Listed entries: Begin
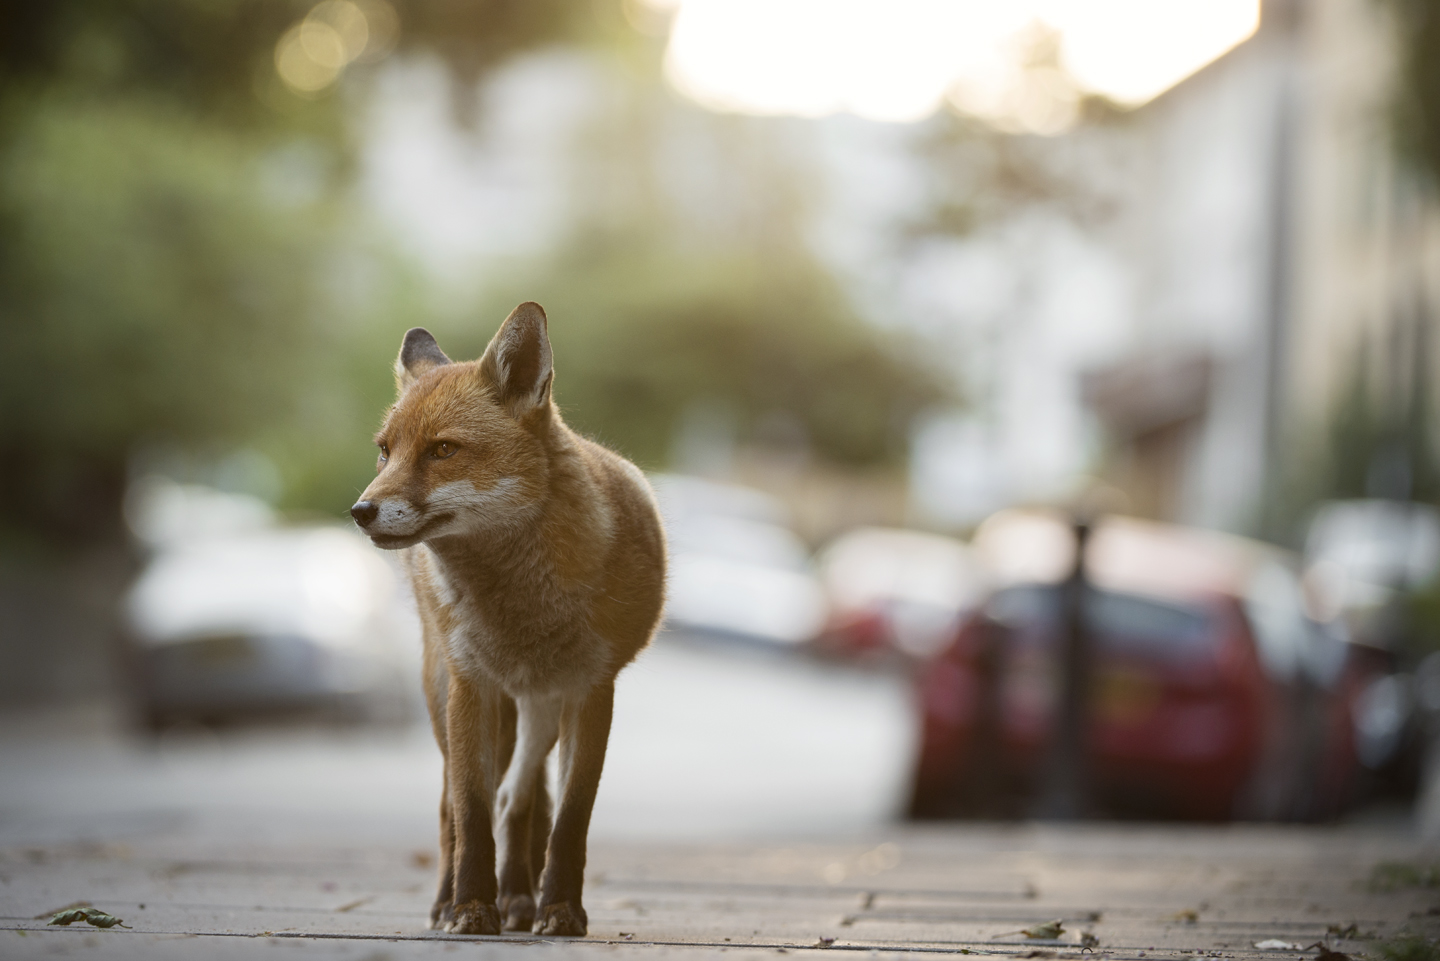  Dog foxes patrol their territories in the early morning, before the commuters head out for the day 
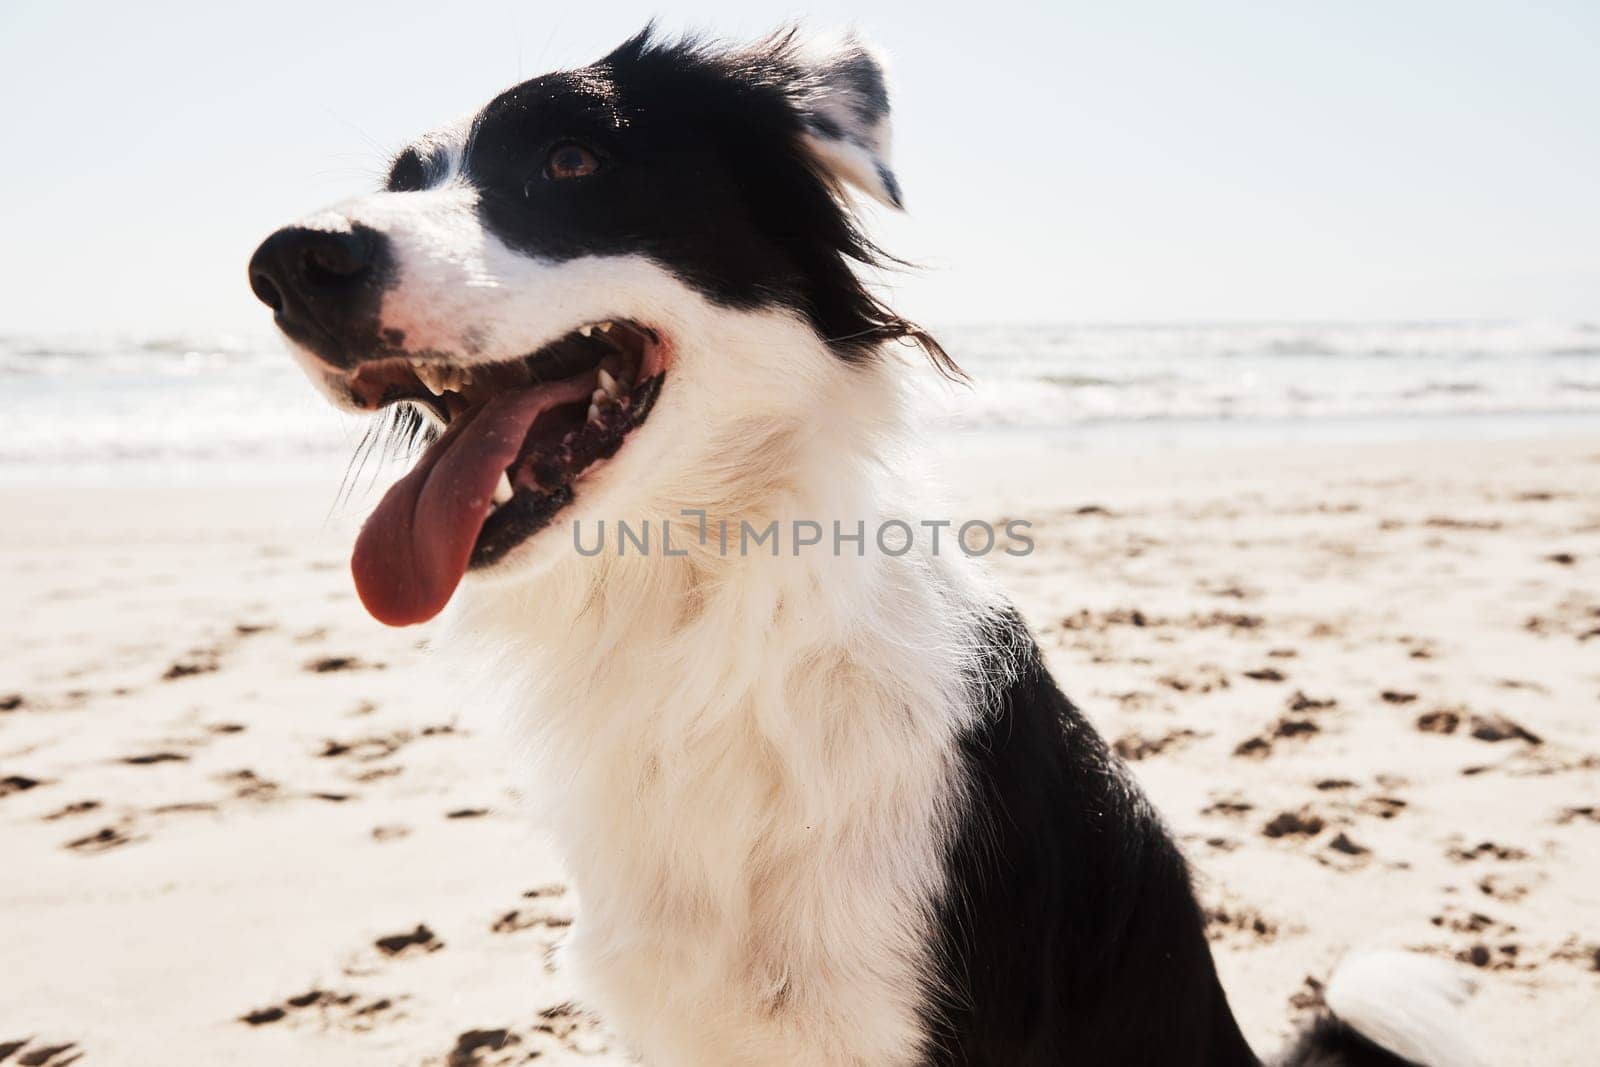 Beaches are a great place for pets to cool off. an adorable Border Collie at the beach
Listed entries: End
Listed entries: Begin
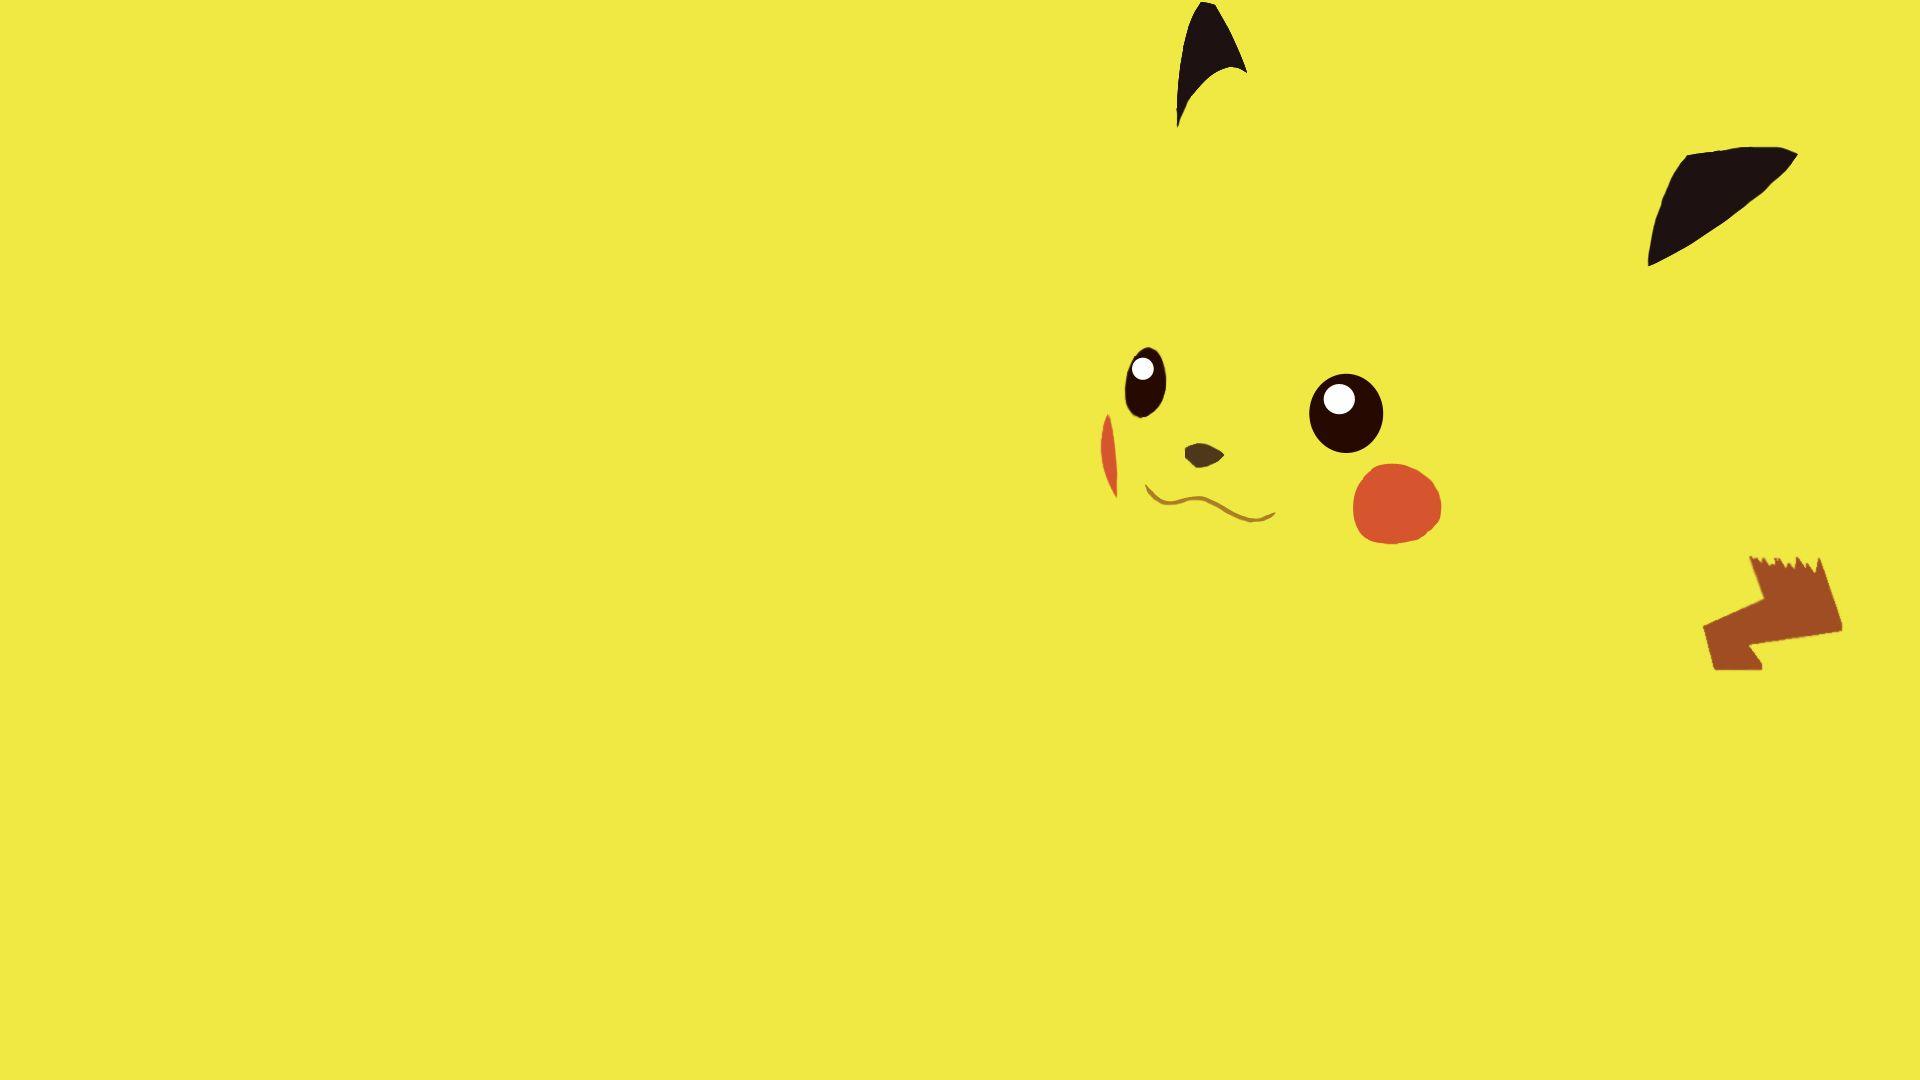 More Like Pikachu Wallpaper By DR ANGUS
Listed entries: End
Listed entries: Begin
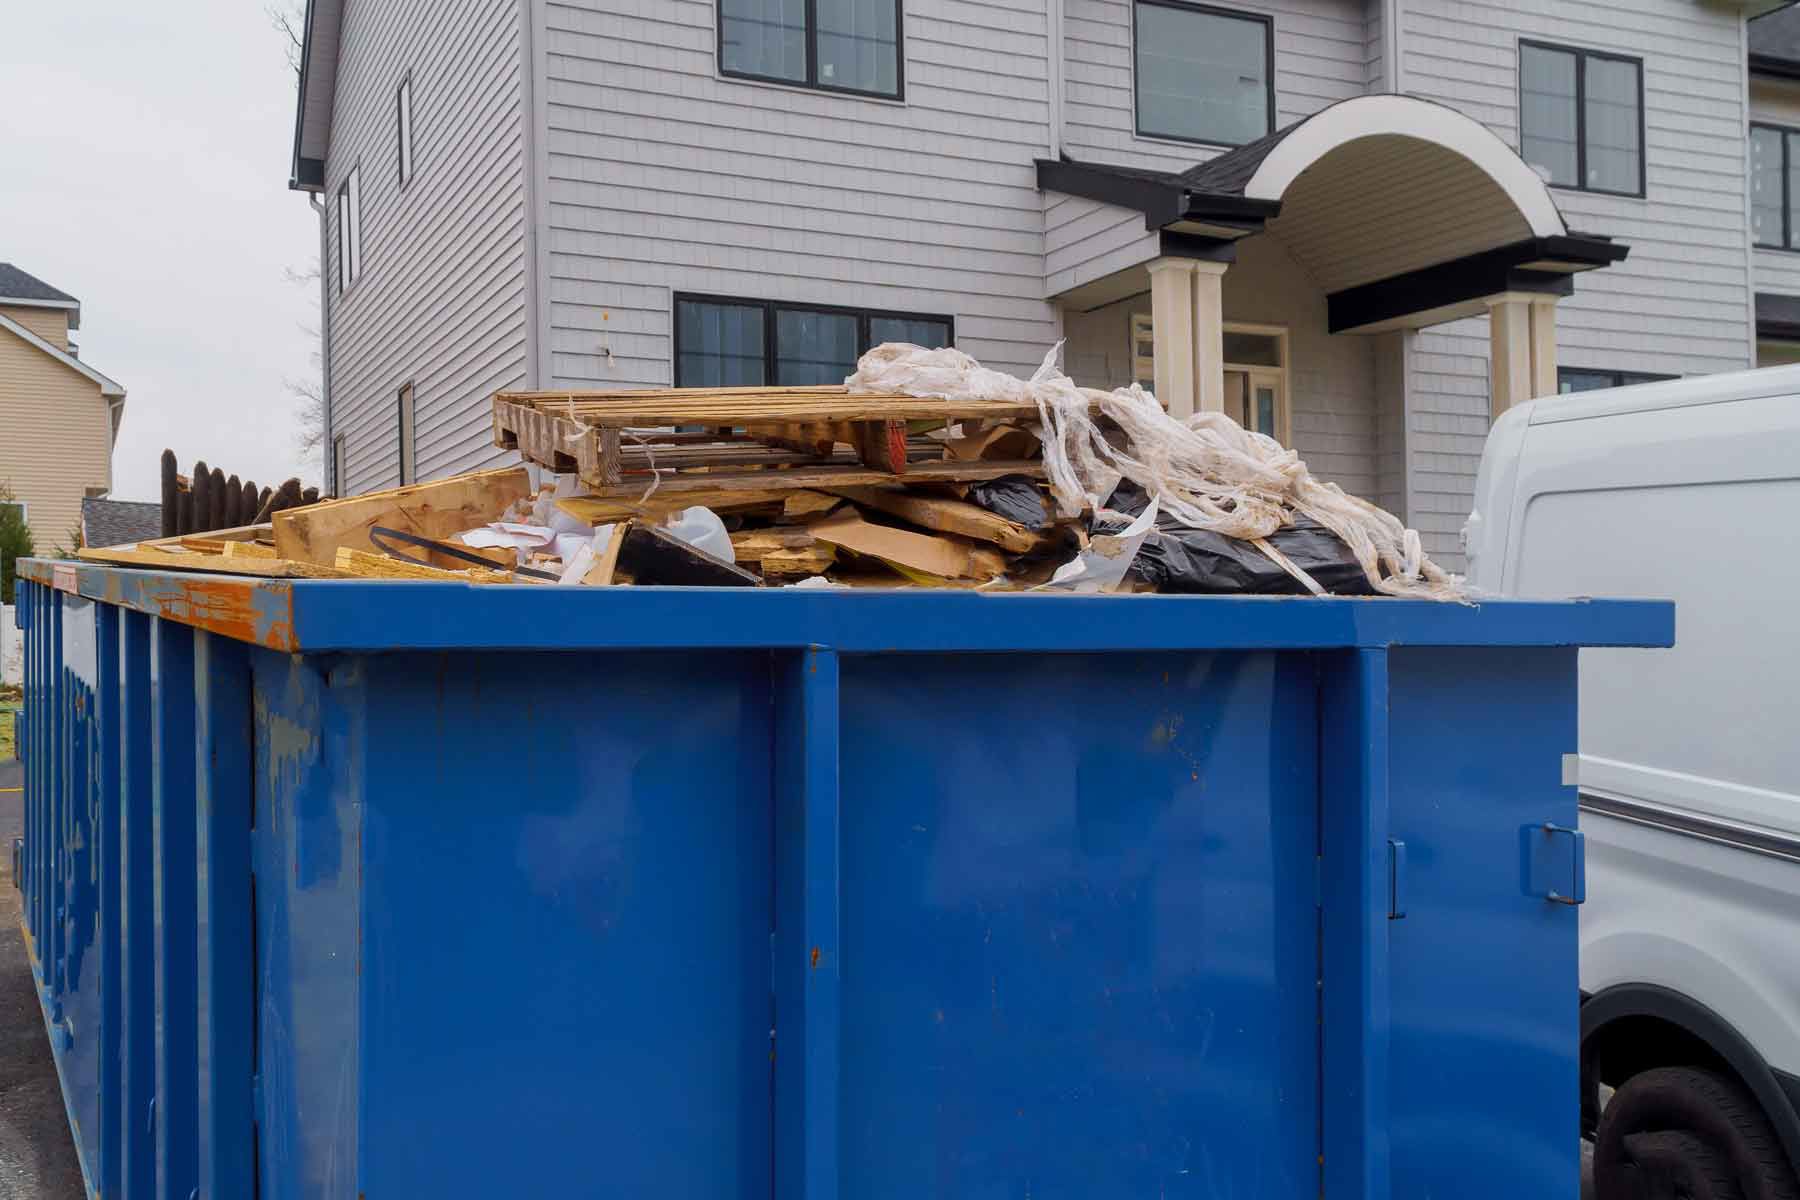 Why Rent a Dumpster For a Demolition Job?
Listed entries: End
▸ Your objective: Output exactly those lines of the data above that run from the line with "Dog foxes patrol" up to and including the line with "Beaches are a". No pictures go in.

▸ Exercise answer:
  Dog foxes patrol their territories in the early morning, before the commuters head out for the day 
 Beaches are a great place for pets to cool off. an adorable Border Collie at the beach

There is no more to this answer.